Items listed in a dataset
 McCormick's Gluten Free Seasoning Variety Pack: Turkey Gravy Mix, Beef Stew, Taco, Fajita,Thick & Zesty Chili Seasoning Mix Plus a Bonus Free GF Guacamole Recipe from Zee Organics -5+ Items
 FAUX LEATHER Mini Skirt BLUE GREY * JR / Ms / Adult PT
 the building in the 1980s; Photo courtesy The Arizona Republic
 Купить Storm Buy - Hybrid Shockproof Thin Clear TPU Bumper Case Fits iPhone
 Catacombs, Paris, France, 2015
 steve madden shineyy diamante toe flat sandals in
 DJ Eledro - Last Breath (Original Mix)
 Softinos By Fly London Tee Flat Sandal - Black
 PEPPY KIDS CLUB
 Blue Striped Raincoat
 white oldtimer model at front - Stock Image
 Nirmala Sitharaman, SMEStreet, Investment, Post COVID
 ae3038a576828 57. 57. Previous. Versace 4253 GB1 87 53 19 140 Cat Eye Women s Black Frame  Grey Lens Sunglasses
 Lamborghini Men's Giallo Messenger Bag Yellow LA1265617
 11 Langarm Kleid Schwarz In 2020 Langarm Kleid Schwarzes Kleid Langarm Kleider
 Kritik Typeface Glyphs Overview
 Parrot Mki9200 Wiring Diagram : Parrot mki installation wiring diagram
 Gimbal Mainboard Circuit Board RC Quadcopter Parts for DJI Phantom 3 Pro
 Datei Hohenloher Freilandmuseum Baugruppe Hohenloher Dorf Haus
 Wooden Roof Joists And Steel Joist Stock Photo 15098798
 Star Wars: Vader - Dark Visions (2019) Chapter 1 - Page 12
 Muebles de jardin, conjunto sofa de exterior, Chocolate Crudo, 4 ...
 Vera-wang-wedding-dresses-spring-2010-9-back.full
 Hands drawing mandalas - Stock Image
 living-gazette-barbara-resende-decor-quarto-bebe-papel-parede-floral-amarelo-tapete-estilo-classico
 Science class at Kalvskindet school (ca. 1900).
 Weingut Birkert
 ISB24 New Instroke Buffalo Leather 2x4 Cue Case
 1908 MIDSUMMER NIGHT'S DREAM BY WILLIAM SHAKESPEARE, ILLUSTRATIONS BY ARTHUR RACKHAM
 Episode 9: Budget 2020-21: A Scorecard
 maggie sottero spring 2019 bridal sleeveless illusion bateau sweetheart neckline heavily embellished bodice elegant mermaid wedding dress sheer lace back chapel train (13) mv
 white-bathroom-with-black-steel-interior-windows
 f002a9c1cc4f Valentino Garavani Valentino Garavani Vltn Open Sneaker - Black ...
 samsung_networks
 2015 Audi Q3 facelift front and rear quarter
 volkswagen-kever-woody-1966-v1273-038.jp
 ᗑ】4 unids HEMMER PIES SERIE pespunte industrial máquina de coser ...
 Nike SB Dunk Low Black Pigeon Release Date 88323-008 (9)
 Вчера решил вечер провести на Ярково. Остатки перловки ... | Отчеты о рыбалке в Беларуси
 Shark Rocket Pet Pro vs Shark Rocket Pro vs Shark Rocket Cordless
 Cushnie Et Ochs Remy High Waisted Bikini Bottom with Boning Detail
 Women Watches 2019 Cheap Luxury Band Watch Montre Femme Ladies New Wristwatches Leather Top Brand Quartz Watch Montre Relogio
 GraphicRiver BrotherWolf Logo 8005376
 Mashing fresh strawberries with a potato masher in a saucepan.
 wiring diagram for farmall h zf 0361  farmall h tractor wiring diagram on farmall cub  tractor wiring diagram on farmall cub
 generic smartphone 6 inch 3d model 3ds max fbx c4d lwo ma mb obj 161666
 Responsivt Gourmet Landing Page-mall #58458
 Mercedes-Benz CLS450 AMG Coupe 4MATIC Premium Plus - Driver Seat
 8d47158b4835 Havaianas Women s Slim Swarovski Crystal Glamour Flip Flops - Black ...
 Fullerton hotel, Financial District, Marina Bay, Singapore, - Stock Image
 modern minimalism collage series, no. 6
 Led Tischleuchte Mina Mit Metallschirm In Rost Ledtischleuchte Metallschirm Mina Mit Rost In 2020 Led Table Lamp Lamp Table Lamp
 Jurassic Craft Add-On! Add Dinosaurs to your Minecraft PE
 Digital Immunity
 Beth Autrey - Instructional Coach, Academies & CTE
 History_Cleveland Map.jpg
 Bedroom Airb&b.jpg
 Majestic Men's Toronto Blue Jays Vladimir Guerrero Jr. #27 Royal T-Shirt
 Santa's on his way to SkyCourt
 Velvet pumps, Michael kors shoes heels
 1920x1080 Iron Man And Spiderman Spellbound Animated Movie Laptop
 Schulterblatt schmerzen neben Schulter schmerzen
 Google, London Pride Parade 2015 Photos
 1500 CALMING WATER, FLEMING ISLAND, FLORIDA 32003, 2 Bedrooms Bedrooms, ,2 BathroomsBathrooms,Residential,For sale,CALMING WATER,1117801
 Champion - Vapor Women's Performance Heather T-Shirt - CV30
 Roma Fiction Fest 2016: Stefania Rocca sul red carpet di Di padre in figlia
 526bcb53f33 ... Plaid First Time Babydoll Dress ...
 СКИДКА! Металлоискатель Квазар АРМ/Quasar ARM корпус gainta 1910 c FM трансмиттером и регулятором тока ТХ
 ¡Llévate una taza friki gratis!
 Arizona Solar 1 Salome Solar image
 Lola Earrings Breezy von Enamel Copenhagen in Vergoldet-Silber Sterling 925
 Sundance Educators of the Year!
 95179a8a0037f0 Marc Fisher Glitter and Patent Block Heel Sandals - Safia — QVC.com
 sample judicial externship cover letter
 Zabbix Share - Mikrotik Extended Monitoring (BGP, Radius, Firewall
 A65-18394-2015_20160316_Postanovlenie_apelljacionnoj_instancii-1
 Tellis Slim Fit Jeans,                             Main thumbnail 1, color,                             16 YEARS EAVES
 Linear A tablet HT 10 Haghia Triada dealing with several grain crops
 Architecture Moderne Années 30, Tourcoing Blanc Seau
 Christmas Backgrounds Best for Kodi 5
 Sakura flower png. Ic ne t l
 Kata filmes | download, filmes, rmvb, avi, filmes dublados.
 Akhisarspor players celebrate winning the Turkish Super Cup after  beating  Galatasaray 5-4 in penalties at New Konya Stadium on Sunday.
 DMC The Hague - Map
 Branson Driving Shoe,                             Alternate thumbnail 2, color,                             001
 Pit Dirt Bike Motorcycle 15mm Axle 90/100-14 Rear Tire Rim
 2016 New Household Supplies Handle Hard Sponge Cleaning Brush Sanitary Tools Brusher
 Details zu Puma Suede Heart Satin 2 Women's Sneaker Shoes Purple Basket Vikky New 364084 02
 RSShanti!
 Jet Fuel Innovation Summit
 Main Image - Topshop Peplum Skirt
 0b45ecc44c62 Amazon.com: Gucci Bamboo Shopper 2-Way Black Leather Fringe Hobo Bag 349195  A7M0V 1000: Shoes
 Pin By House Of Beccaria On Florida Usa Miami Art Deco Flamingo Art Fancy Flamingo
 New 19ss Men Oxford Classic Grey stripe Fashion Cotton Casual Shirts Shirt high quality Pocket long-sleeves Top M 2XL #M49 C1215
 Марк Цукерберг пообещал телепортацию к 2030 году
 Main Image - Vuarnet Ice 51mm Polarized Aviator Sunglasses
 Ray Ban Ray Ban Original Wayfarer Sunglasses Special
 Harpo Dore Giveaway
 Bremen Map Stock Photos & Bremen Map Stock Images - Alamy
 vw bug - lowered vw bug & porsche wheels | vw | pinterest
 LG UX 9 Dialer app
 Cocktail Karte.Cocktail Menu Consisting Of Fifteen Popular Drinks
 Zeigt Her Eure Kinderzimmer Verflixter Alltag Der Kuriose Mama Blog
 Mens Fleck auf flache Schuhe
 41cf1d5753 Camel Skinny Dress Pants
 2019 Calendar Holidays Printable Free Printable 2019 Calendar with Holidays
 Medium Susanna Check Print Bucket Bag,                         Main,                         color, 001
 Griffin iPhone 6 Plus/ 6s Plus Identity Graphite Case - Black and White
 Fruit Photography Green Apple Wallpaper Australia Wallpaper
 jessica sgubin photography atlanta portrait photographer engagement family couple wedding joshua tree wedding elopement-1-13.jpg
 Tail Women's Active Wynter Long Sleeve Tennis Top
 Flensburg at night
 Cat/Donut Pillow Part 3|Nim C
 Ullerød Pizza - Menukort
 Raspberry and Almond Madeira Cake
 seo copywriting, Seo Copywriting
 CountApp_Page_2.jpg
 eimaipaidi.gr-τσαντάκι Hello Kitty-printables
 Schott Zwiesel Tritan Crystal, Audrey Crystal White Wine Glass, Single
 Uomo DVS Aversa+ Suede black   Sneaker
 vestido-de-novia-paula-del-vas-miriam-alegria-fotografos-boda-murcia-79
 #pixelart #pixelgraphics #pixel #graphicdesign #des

Task goal: Your task is to quote the lines above, beginning with the first and ending with the one that holds "Episode 9: Budget 2020-21: A Scorecard".

Finished task:
 McCormick's Gluten Free Seasoning Variety Pack: Turkey Gravy Mix, Beef Stew, Taco, Fajita,Thick & Zesty Chili Seasoning Mix Plus a Bonus Free GF Guacamole Recipe from Zee Organics -5+ Items
 FAUX LEATHER Mini Skirt BLUE GREY * JR / Ms / Adult PT
 the building in the 1980s; Photo courtesy The Arizona Republic
 Купить Storm Buy - Hybrid Shockproof Thin Clear TPU Bumper Case Fits iPhone
 Catacombs, Paris, France, 2015
 steve madden shineyy diamante toe flat sandals in
 DJ Eledro - Last Breath (Original Mix)
 Softinos By Fly London Tee Flat Sandal - Black
 PEPPY KIDS CLUB
 Blue Striped Raincoat
 white oldtimer model at front - Stock Image
 Nirmala Sitharaman, SMEStreet, Investment, Post COVID
 ae3038a576828 57. 57. Previous. Versace 4253 GB1 87 53 19 140 Cat Eye Women s Black Frame  Grey Lens Sunglasses
 Lamborghini Men's Giallo Messenger Bag Yellow LA1265617
 11 Langarm Kleid Schwarz In 2020 Langarm Kleid Schwarzes Kleid Langarm Kleider
 Kritik Typeface Glyphs Overview
 Parrot Mki9200 Wiring Diagram : Parrot mki installation wiring diagram
 Gimbal Mainboard Circuit Board RC Quadcopter Parts for DJI Phantom 3 Pro
 Datei Hohenloher Freilandmuseum Baugruppe Hohenloher Dorf Haus
 Wooden Roof Joists And Steel Joist Stock Photo 15098798
 Star Wars: Vader - Dark Visions (2019) Chapter 1 - Page 12
 Muebles de jardin, conjunto sofa de exterior, Chocolate Crudo, 4 ...
 Vera-wang-wedding-dresses-spring-2010-9-back.full
 Hands drawing mandalas - Stock Image
 living-gazette-barbara-resende-decor-quarto-bebe-papel-parede-floral-amarelo-tapete-estilo-classico
 Science class at Kalvskindet school (ca. 1900).
 Weingut Birkert
 ISB24 New Instroke Buffalo Leather 2x4 Cue Case
 1908 MIDSUMMER NIGHT'S DREAM BY WILLIAM SHAKESPEARE, ILLUSTRATIONS BY ARTHUR RACKHAM
 Episode 9: Budget 2020-21: A Scorecard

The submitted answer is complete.